# Exercise material
########

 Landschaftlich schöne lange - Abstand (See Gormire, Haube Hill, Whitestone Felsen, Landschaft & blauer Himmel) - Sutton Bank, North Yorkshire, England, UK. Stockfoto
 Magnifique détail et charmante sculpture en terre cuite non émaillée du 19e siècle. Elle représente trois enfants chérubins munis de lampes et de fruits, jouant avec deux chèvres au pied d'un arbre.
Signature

########

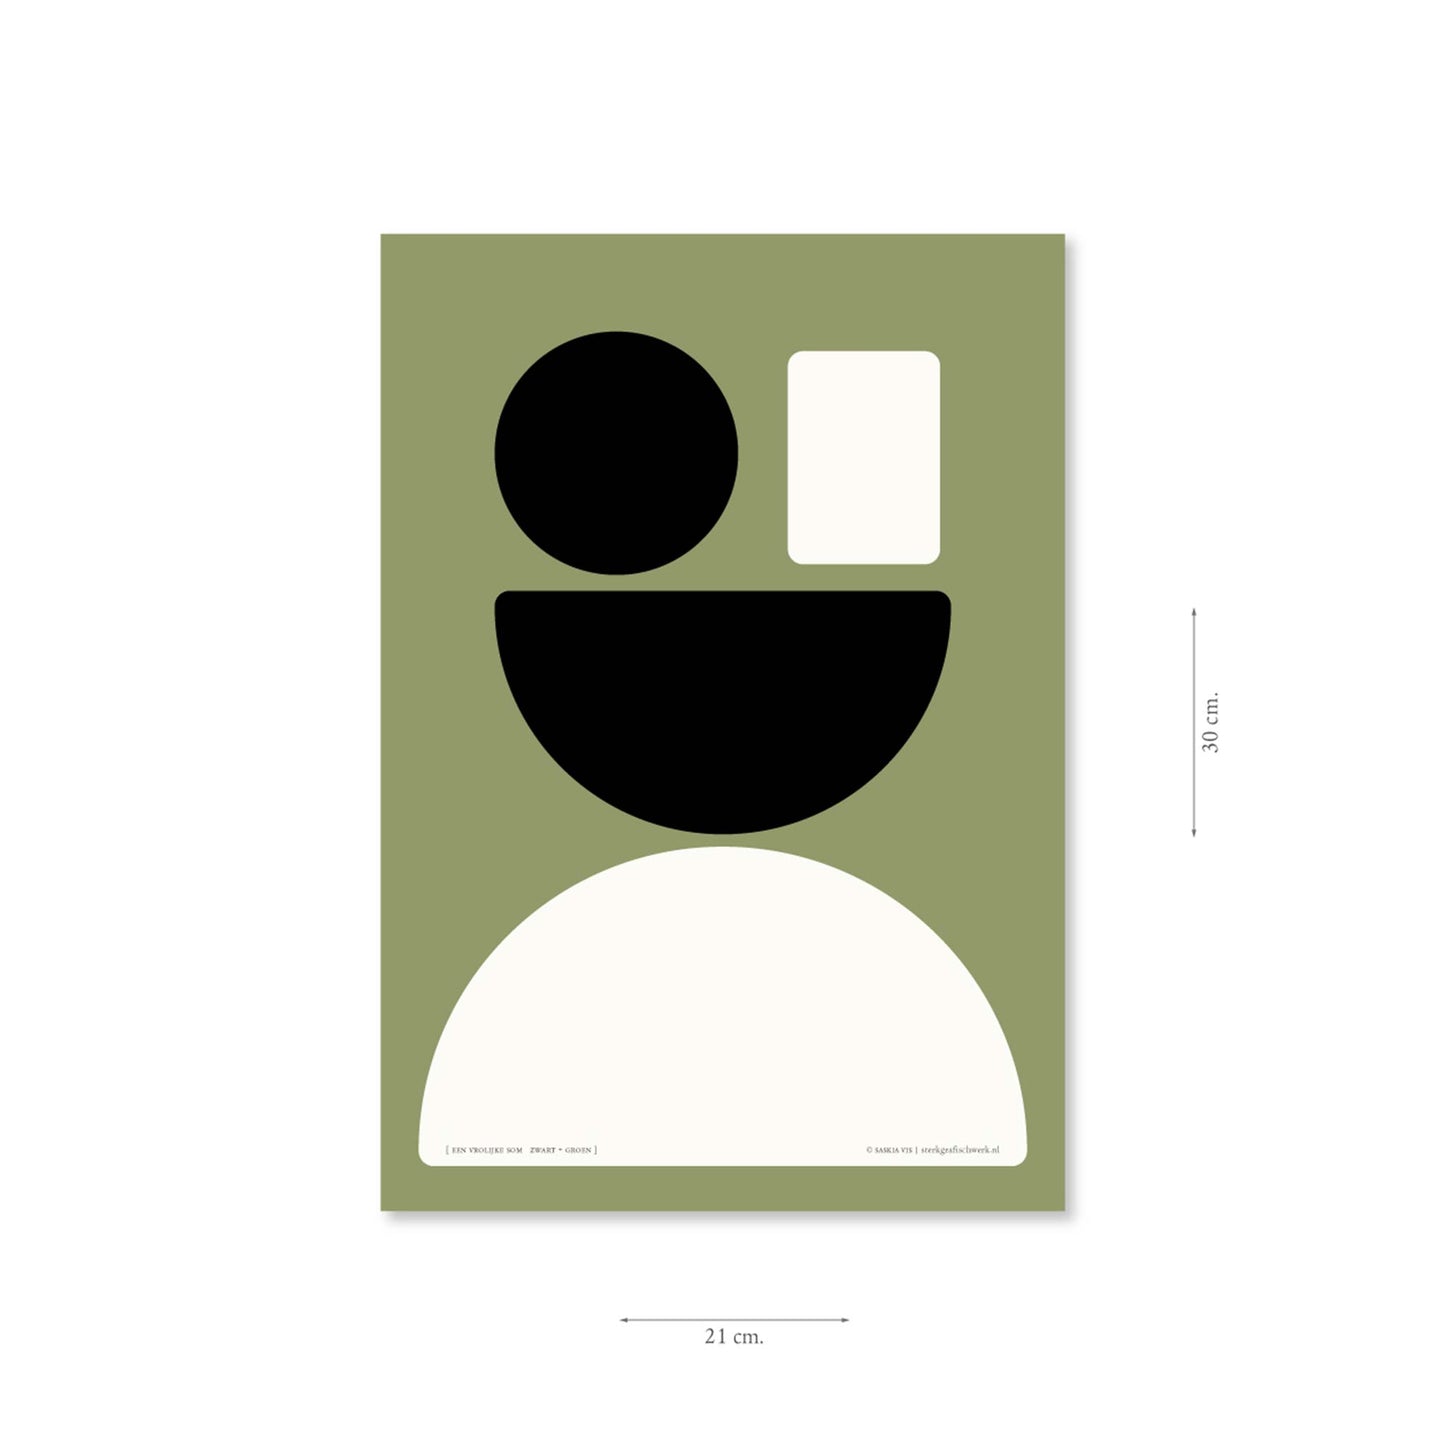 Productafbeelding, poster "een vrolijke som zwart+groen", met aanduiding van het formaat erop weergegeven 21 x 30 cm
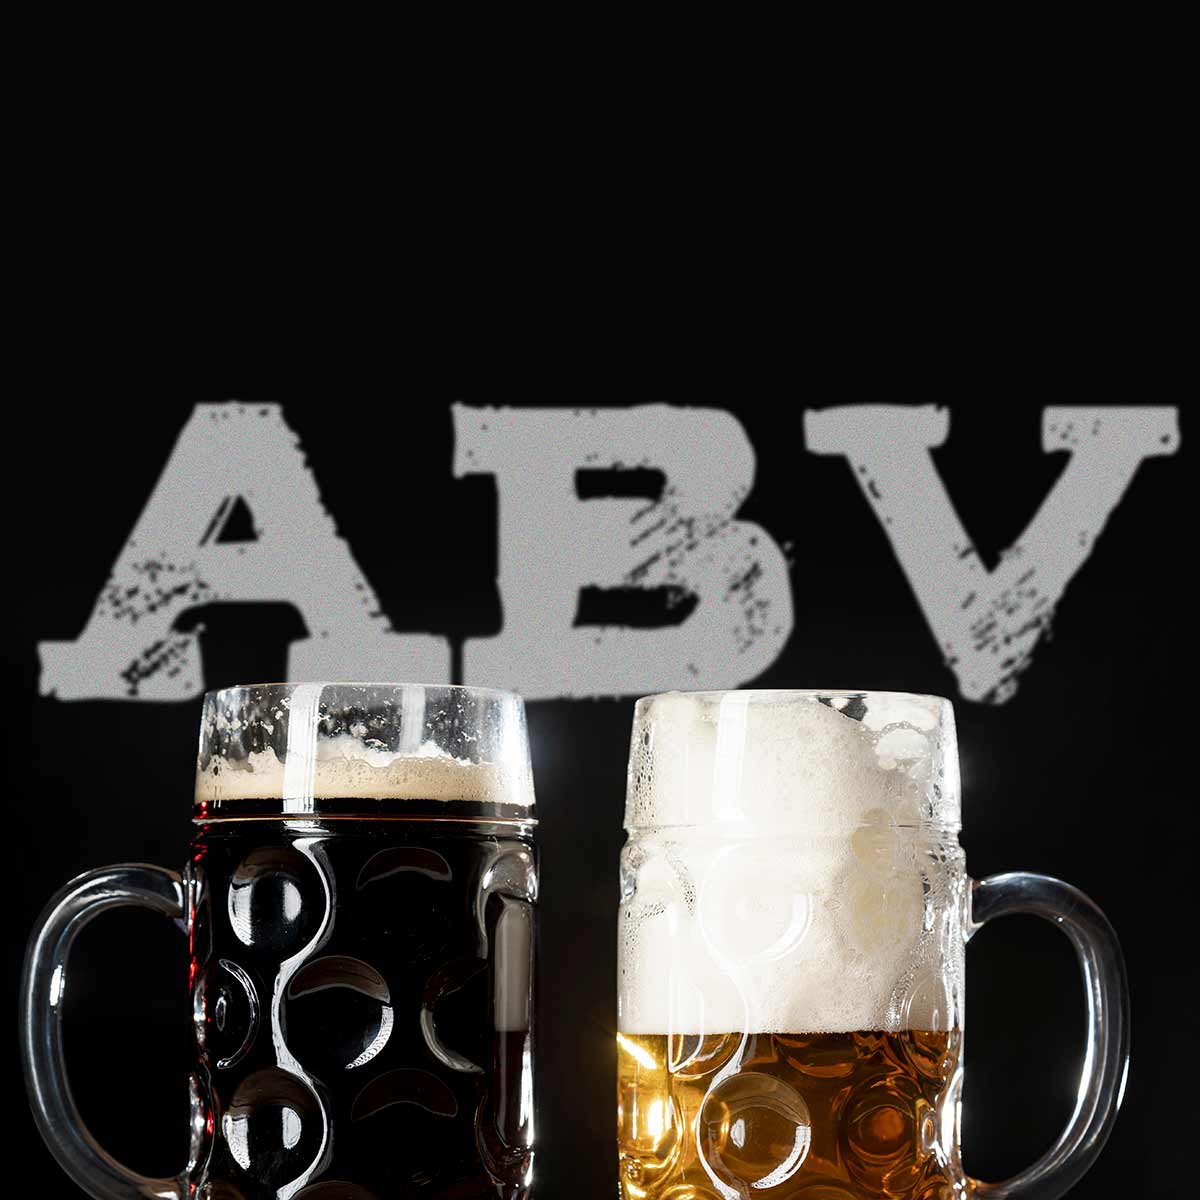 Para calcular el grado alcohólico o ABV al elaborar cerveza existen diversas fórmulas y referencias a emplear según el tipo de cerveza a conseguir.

########

# Activity
With the pictures omitted, copy the entries above exactly from the line containing "weergegeven 21 x 30 cm" through the line containing "Para calcular el", both lines included.

# Problem solution
 Productafbeelding, poster "een vrolijke som zwart+groen", met aanduiding van het formaat erop weergegeven 21 x 30 cm
 Para calcular el grado alcohólico o ABV al elaborar cerveza existen diversas fórmulas y referencias a emplear según el tipo de cerveza a conseguir.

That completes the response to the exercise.